First, let’s talk about why we salt pasta water at all. There are people who have been told that adding salt to pasta water will increase the temperature that the pasta cooks, and while this is technically true, there are two major problems with it. The primary issue is that the increase in temperature is negligible for the amount of salt that you should be adding. The secondary issue is that there’s no advantage that I can think of to having your pasta cook at a higher temperature.

The reason we salt pasta water is because pasta dough doesn’t have any salt in it, so the salt transfers from the water to the pasta during cooking, thus allowing you to taste your pasta. This is all well and good, but with nearly all of our other flour-based goods, we add salt to the dough before it’s cooked. The exception to that is Tuscan bread, which, frankly tastes weird because of its lack of salt, but I’m sure the Tuscans are cool with it.

There are some theories about why we might not salt the pasta. They fall broadly into these categories:

  1. Tradition.For whatever reason, when Italians first started making pasta, they didn’t season the dough, and that stuck. Maybe people used sea-water to cook pasta in (which would explain the advice to salt the water until it tastes like sea water).
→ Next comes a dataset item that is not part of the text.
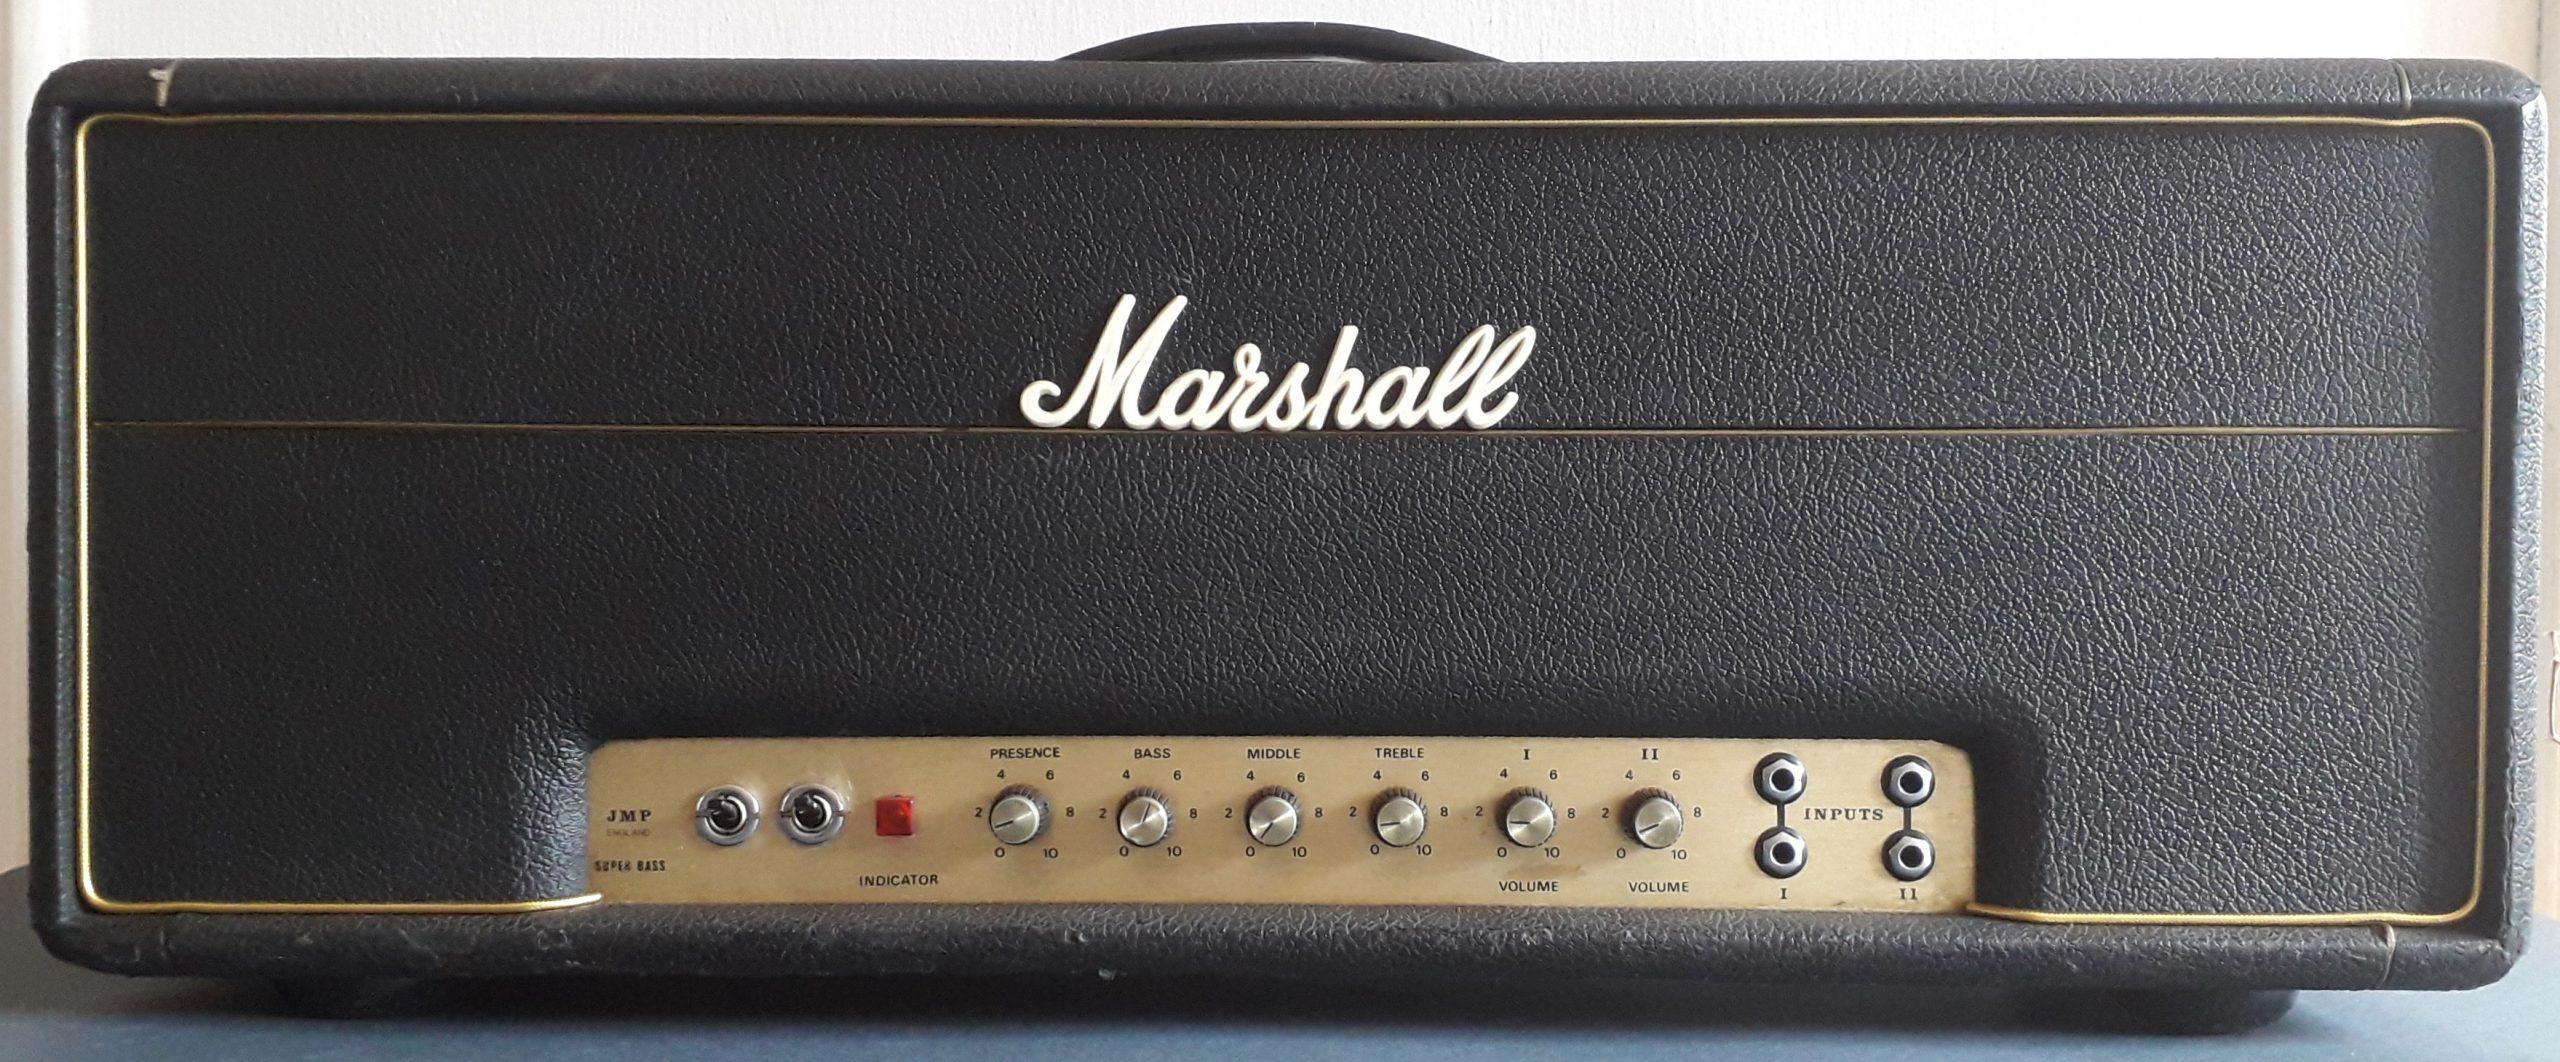 Best valves for Marshall Super Bass 100W amplifier

Maybe it’s because of the Tuscans and their salt-hating ways.
  2. Protein formation.Pasta has a specific feel to it, and fresh pasta has a different feel from dried pasta. Perhaps the salt causes problems with the protein formation in some way, which affects its texture.
  3. Consistency.Adding salt to the water makes it easy to send a consistent amount of salt throughout all the pasta. Distributing the salt through all of the dough evenly is trickier. Though not significantly trickier than any other dough.
  4. Transfer to water.Salt in the water transfers to the pasta. It seems likely that some of the salt would transfer out of the pasta into the water, and maybe too much would, thus making the pasta relatively flavorless.
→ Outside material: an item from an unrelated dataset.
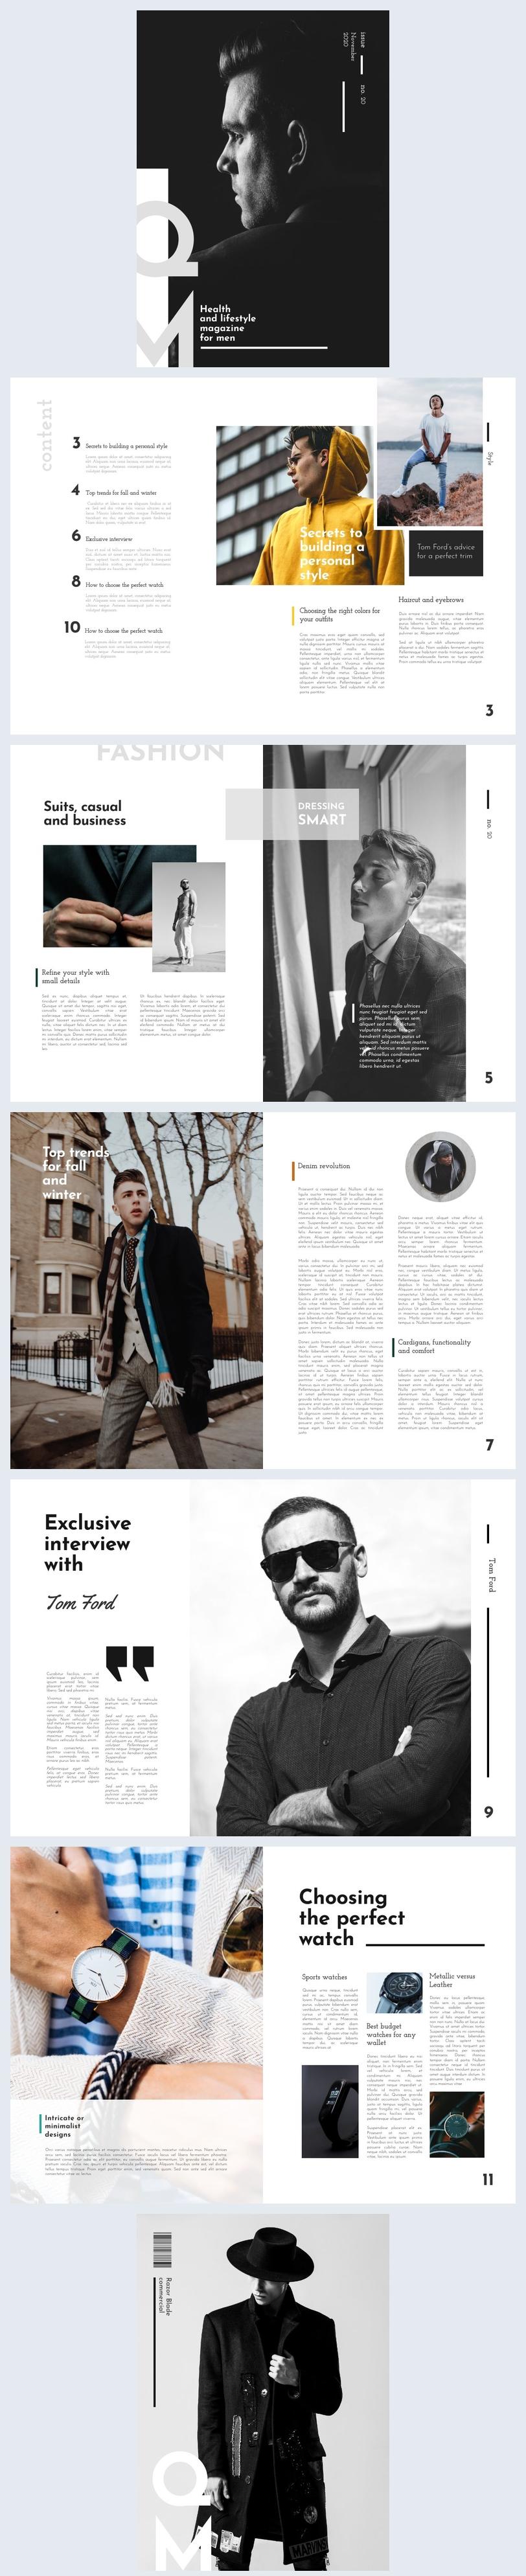 Lifestyle-Magazin Layout-Idee

For restaurants, I am reasonably convinced that #4 is the most important reason, because they will cook pasta in the same water throughout the night. This is handy for them, as the water becomes starchy, which gives them something they can splash into their sauces for extra flavor and texture. If there were salt in the pasta, and it leeched out into the water, then as the night went on, the pasta water might become over-saturated with salt, and the flavor would drastically change as the night went on. Maybe it would reach an equilibrium, but more likely the later pasta would be drastically over-seasoned.

For home cooks, this is not a problem, but you don’t want to make different pasta for restaurants as you would for home cooking, so it could be as simple as that. But, just in case, I’m lining up a blind tasting with one of the local chefs so we can see if there are any texture or flavor differences that we can detect from salting the dough directly vs. unsalted dough in salty water. I’ll let you know if we discover anything.

Update:When the conversation was passed along to Mario Batali, he suggested that the “tradition” route was the correct answer.

Though there was controversy even from his followers.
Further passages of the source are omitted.